The gzip_comp_level directive sets a gzip compression level of a response. The compression level, between 1 and 9, where 1 is the least compression (fastest) and 9 is the most compression (slowest).

gzip_disable

The gzip_disable directive disables gzip compression for browsers or user agents matching the given regular expression. For example, to disable gzip compression for Internet Explorer 6 use:

gzip_disable     "msie6";

This is a useful setting to have since some browsers such as MS Internet Explorer 6 don't handle the compressed response correctly.

gzip_http_version

The gzip_http_version directive turns gzip compression on or off depending on the HTTP request version, which is 1.0 or 1.1.

gzip_min_length

The gzip_min_length directive sets the minimum length, in bytes, of the response that will be compressed. Responses shorter than this byte length will not be compressed. Length is determined from the Content-Length header.

gzip_proxied

The gzip_proxied directive enables or disables compression for proxied requests. The proxied requests are identified through the Via HTTP header. This header informs the server of proxies through which the request was sent. Depending on various HTTP headers, we can enable or disable the compression for proxied requests as follows:

  • off: This disables compression for requests having a Via header
  • expired: This enables compression if a response header includes the field Expires with a value that disables caching
  • no-cache: This enables compression if the Cache-Control header is set to no-cache
  • no-store: This enables compression if the Cache-Control header is set to no-store
  • private: This enables compression if the Cache-Control header is set to private
  • no_last_modified: This enables compression if Last-Modified isn't set
  • no_etag: This enables compression if there is no ETag header
  • auth: This enables compression if there is an Authorization header
  • any: This enables compression for all proxied requests

gzip_types

The gzip_types directive enables compression for additional MIME types besides text or html. text/html is always compressed.

Controlling logging (HttpLogModule)

The HttpLogModule controls how Nginx logs the requests for resources, for example:

access_log  /var/log/nginx/access.log  gzip  buffer=32k;

Please note that this does not include logging errors.

Explaining directives

Some of the important directives of HttpLogModule are the following.

access_log

The access_log directive sets the path, format, and buffer size for the access logfile. Using off as the value disables logging at the current level. If the format is not indicated, it defaults to combined. The size of the buffer must not exceed the size of the atomic record for writing into the disk file. This size is not limited for FreeBSD 3.0-6.0. If you specify gzip, the log is compressed before it's written to the disk. The default buffer size is 64K with compression level as 1.

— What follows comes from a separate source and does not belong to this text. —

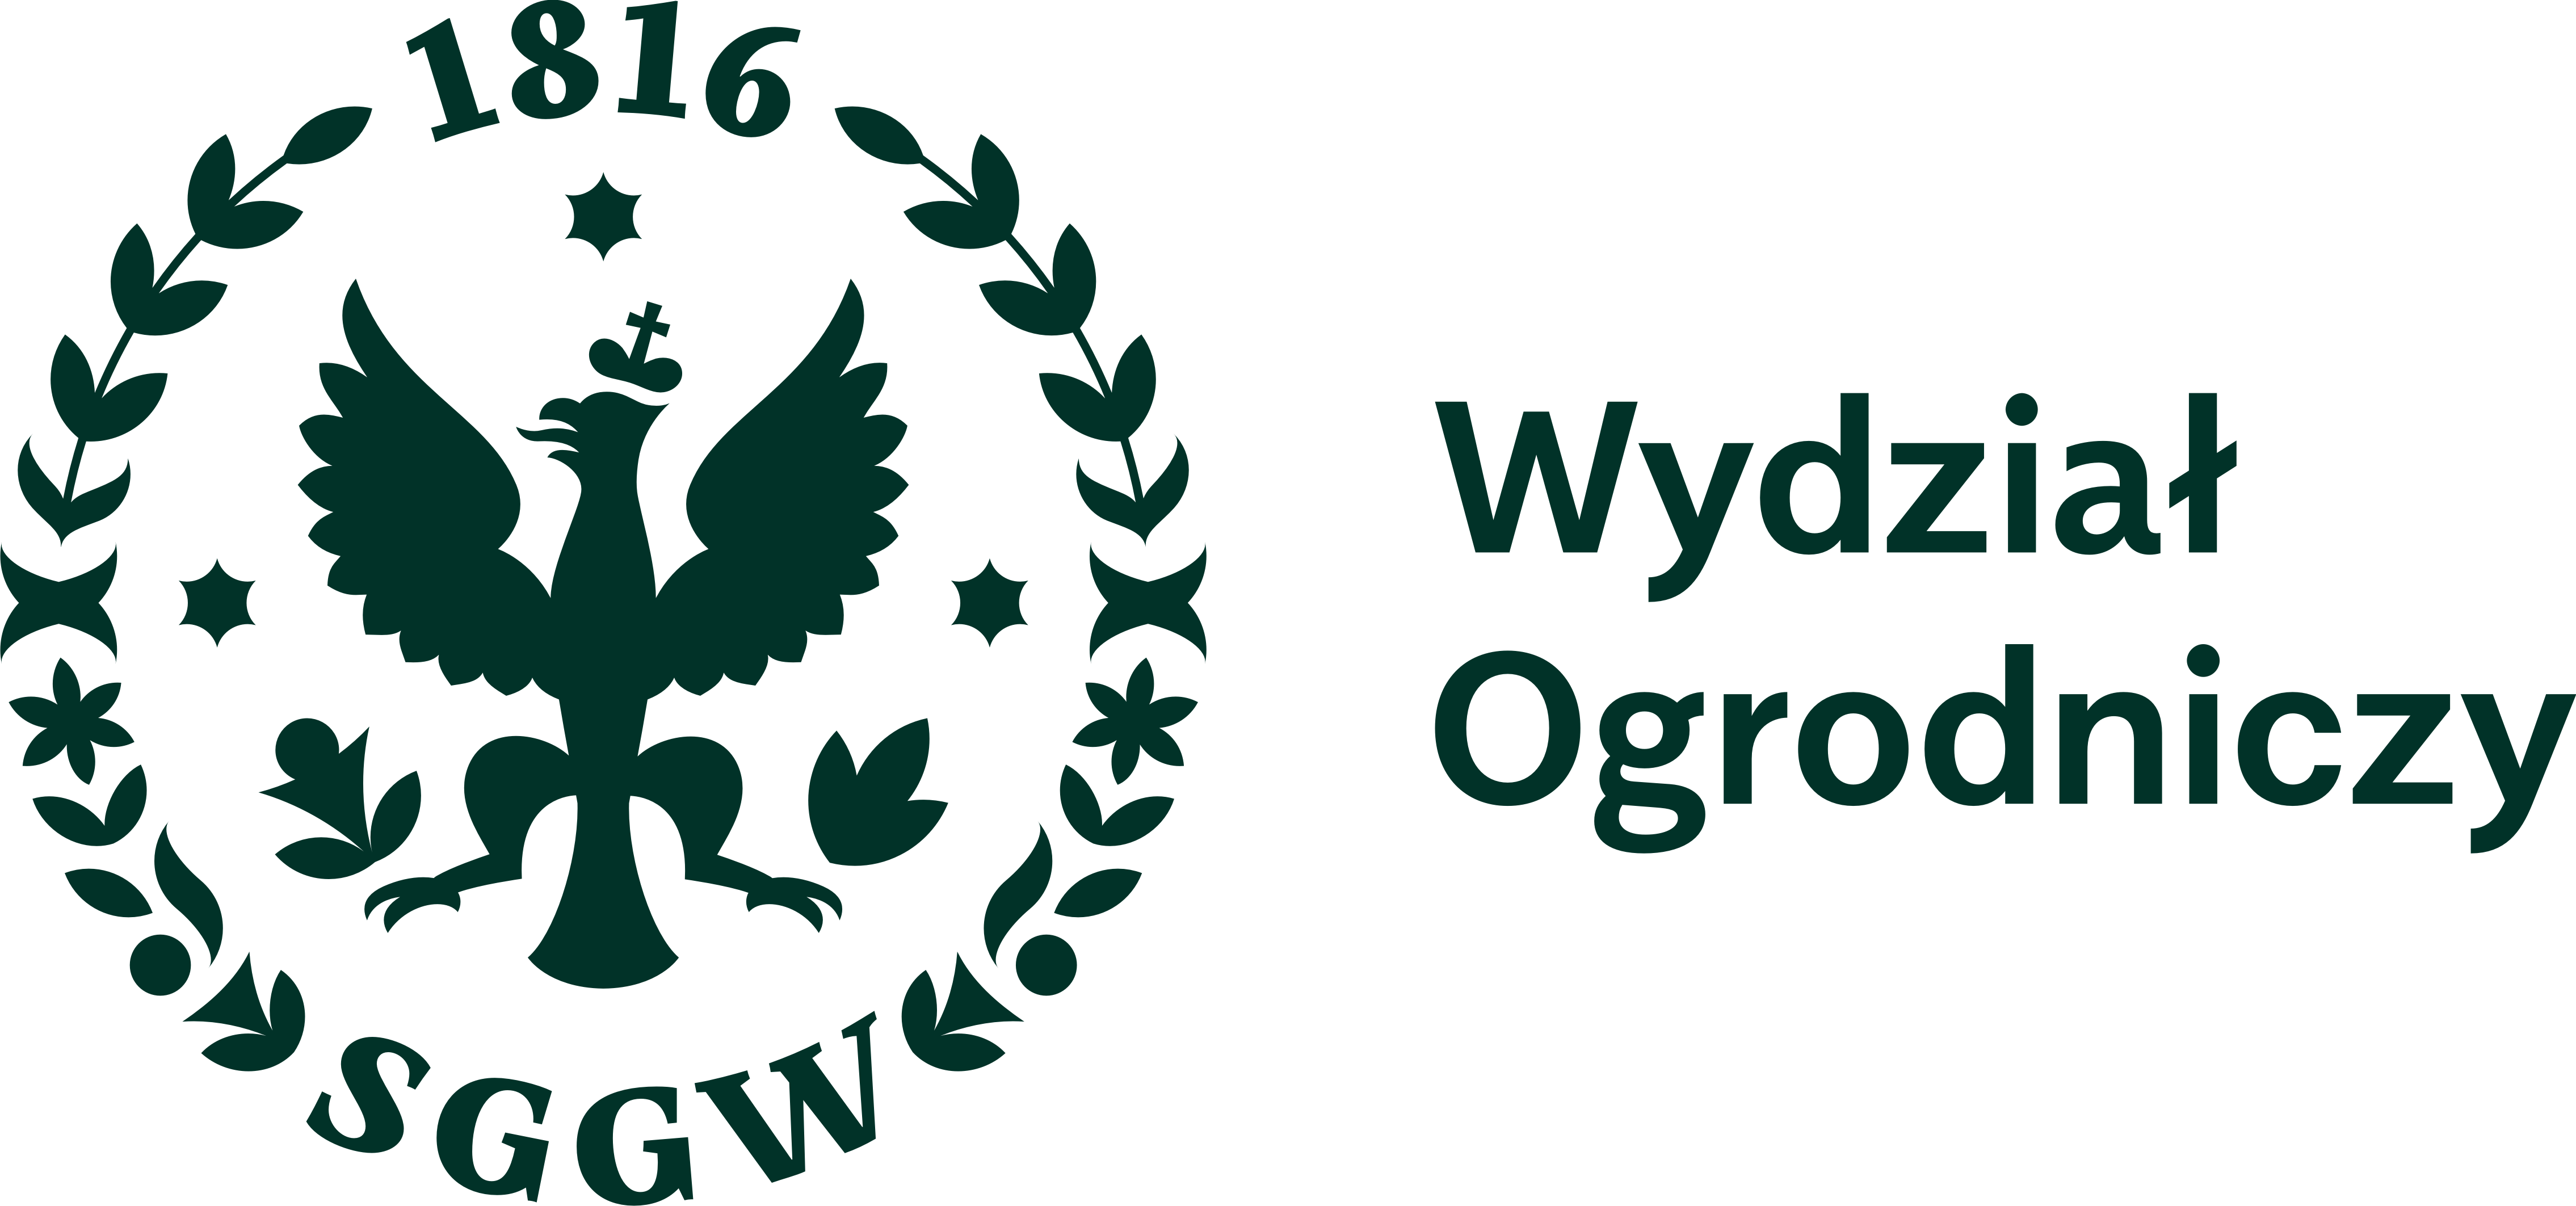 Wydział Ogrodniczy - logo

The atomic size that can be written is called PIPE_BUF. The capacity of a pipe buffer varies across systems.

Mac OS X, for example, uses a capacity of 16,384 bytes by default but can switch to 65,336 byte capacities if large writes are made to the pipe. Or it will switch to a capacity of a single system page if too much kernel memory is already being used by pipe buffers (see xnu/bsd/sys/pipe.h and xnu/bsd/kern/sys_pipe.c; since these are from FreeBSD, the same behavior may happen here too).

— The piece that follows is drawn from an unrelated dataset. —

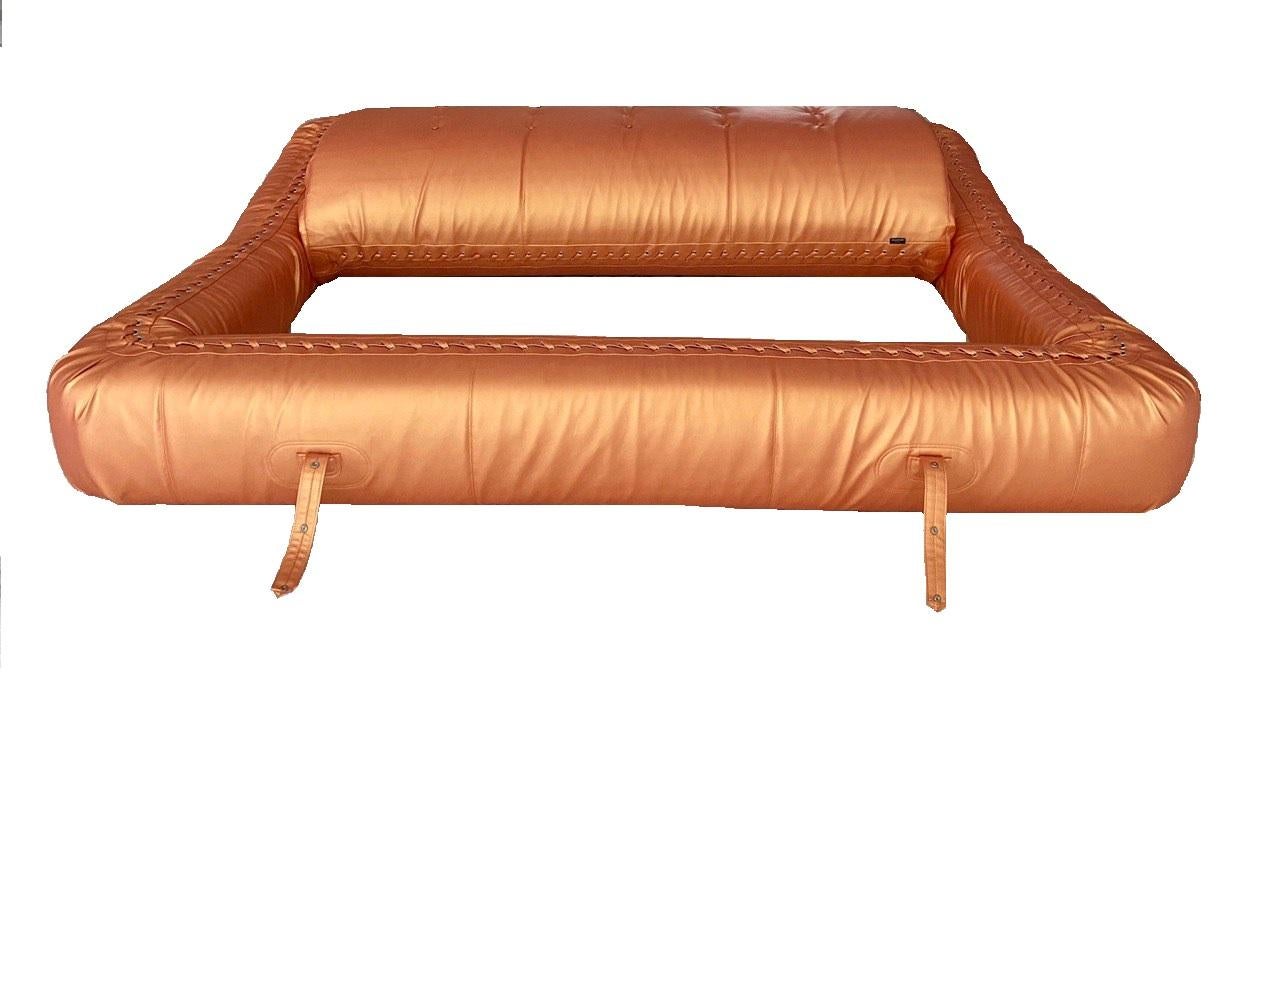 atollo leather sofa

According to the Linux pipe(7) man page, pipe capacity is 65,536 bytes since Linux 2.6.11 and a single system page prior to that (for example, 4096 bytes on 32-bit x86 systems). The buffer for each pipe can be changed using fcntl system call to the maximum of /proc/sys/fs/pipe-max-size.

log_format

The log_format directive describes the format of a log entry. You can use general variables in the format as well as variables that exist only at the moment of writing into the log. An example of log_format is as follows:

log_format gzip '$msec $request $remote-addr $status $bytes_sent';

You can specify the format of a log entry by specifying what information should be logged. Some of the options you can specify are as follows:

  • $body_bytes_sent: This is the number of bytes transmitted to the client minus the response headers
  • $bytes_sent: This is the number of bytes transmitted to the client
  • $connection: This is the number of connections
  • $msec: This is the current time at the moment of writing the log entry (microsecond accuracy)
  • $pipe: This is p if request was pipelined
  • $request_length: This is the length of the body of the request
  • $request_time: This is the time it took Nginx to work on the request, in seconds, with millisecond precision
  • $status: This is the status of the answer
  • $time_iso8601: This is the time in ISO 8601 format, for example, 2011-03-21T18:52:25+03
  • $time_local: This is the local time in common log format

Setting response headers (HttpHeadersModule)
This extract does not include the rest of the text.